§ **Given information**
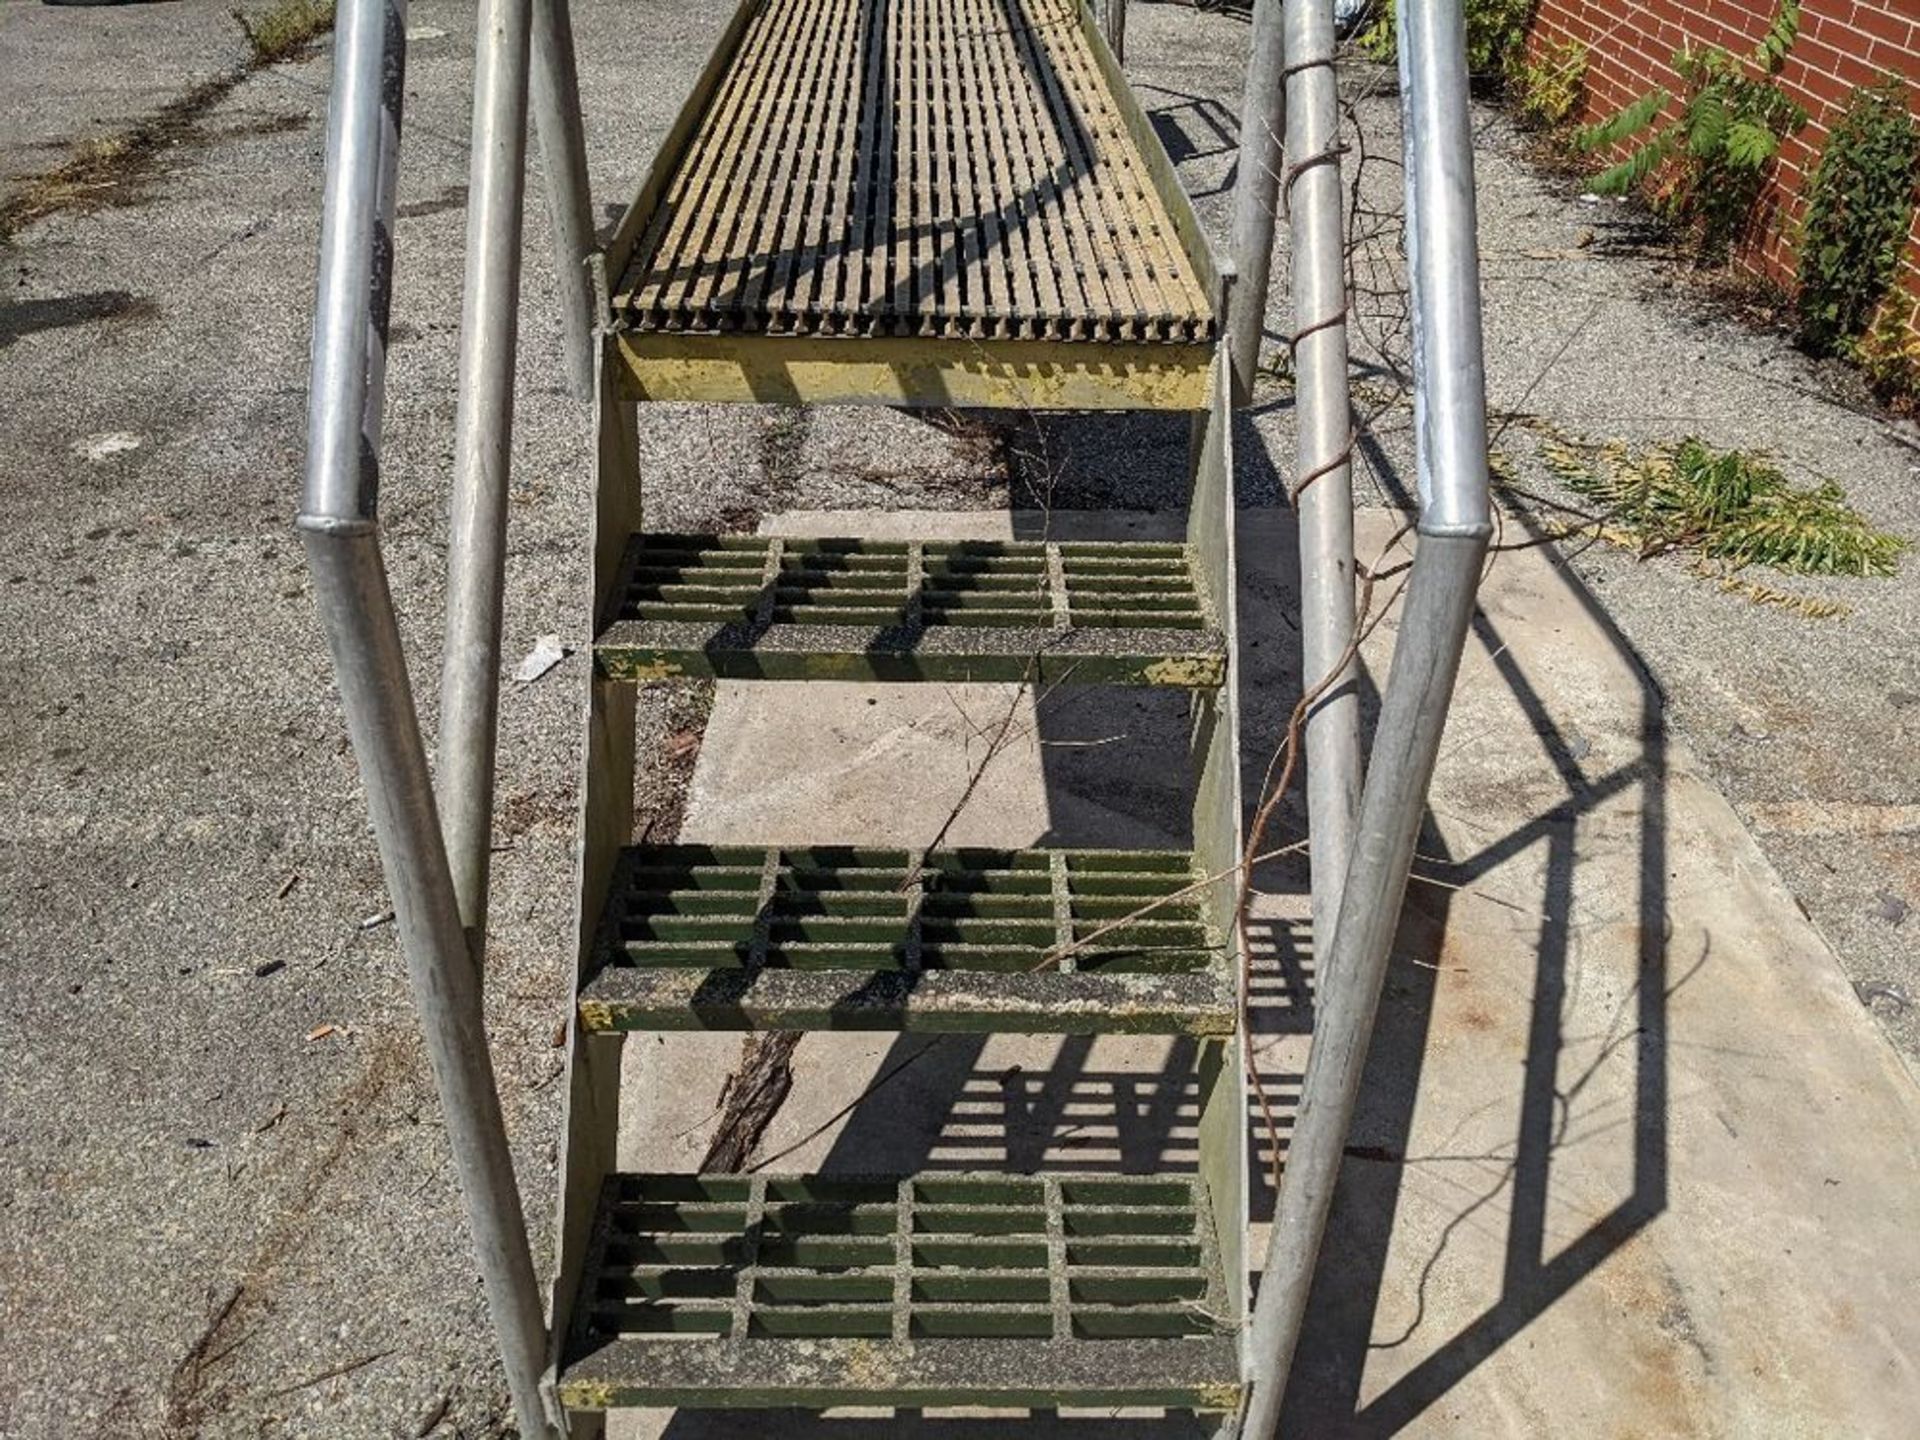 Qty (1) Conveyor Walk over Platform - Stainless steel construction - 4 steps each side - Clearance - Image 3 of 3
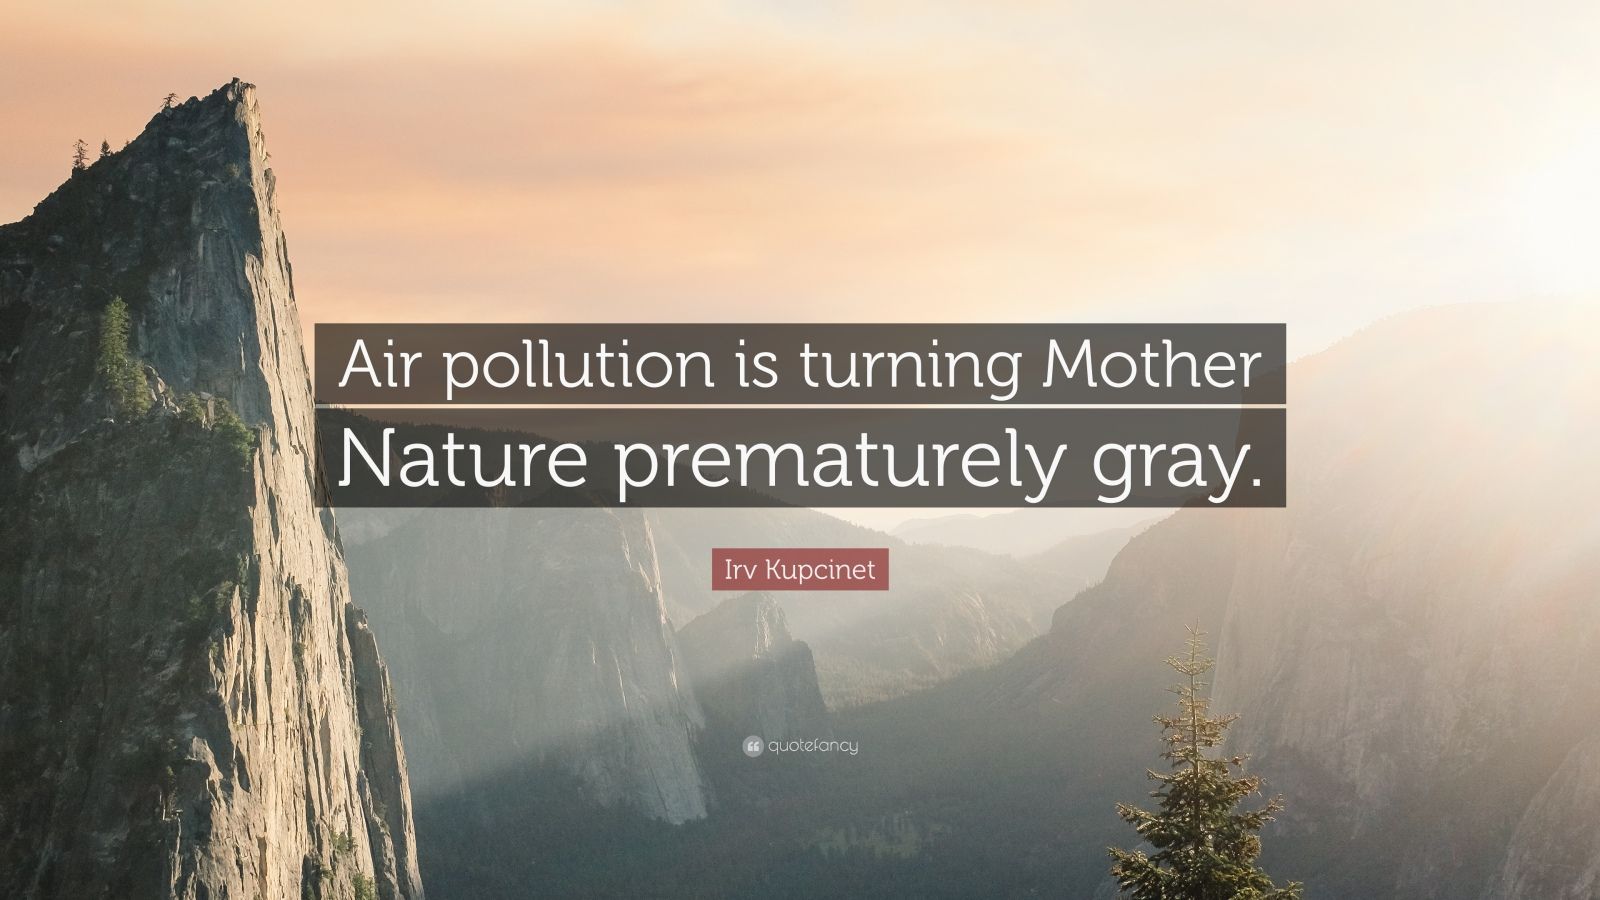 Irv Kupcinet Quote: “Air pollution is turning Mother Nature prematurely
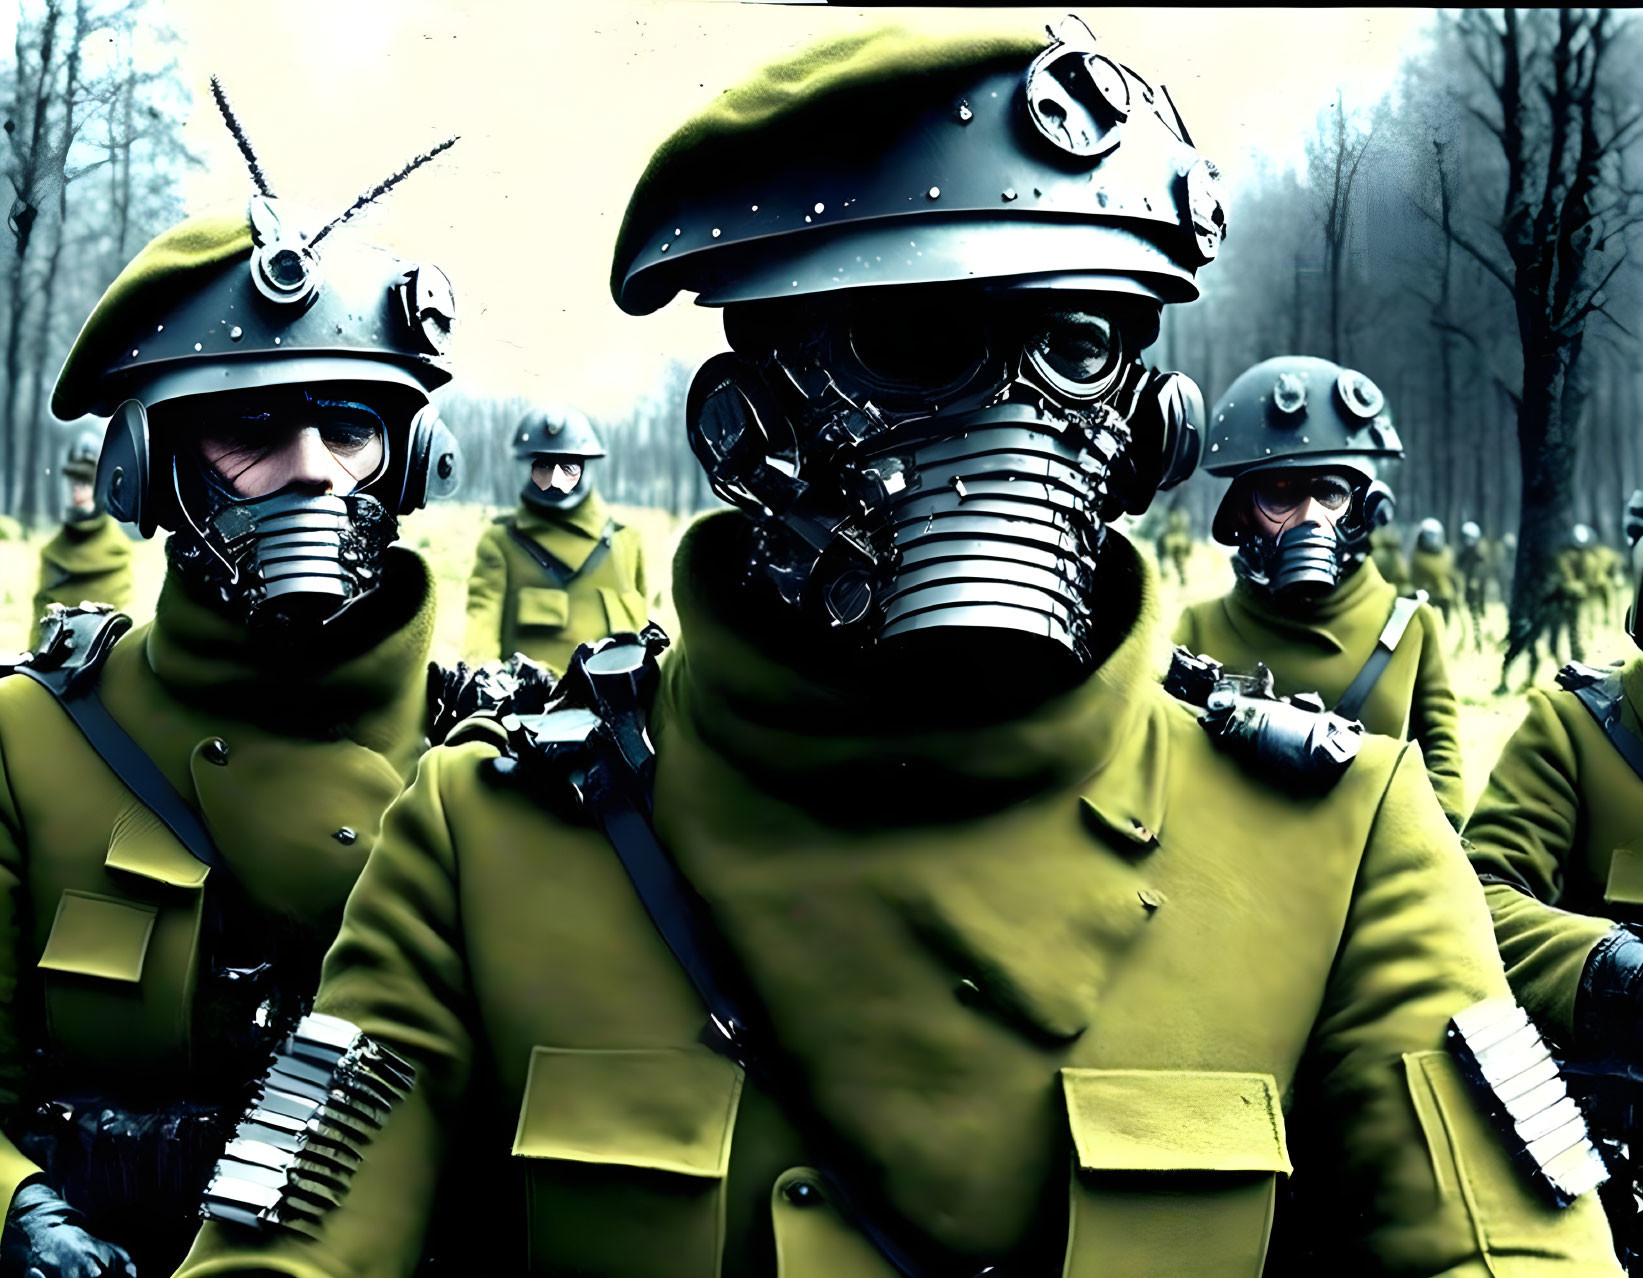 Futuristic armored soldiers in gas masks in misty forest

§ **Activity**
Copy the listing word for word, excluding its pictures.

§ **Task output**
 Qty (1) Conveyor Walk over Platform - Stainless steel construction - 4 steps each side - Clearance - Image 3 of 3
 Irv Kupcinet Quote: “Air pollution is turning Mother Nature prematurely
 Futuristic armored soldiers in gas masks in misty forest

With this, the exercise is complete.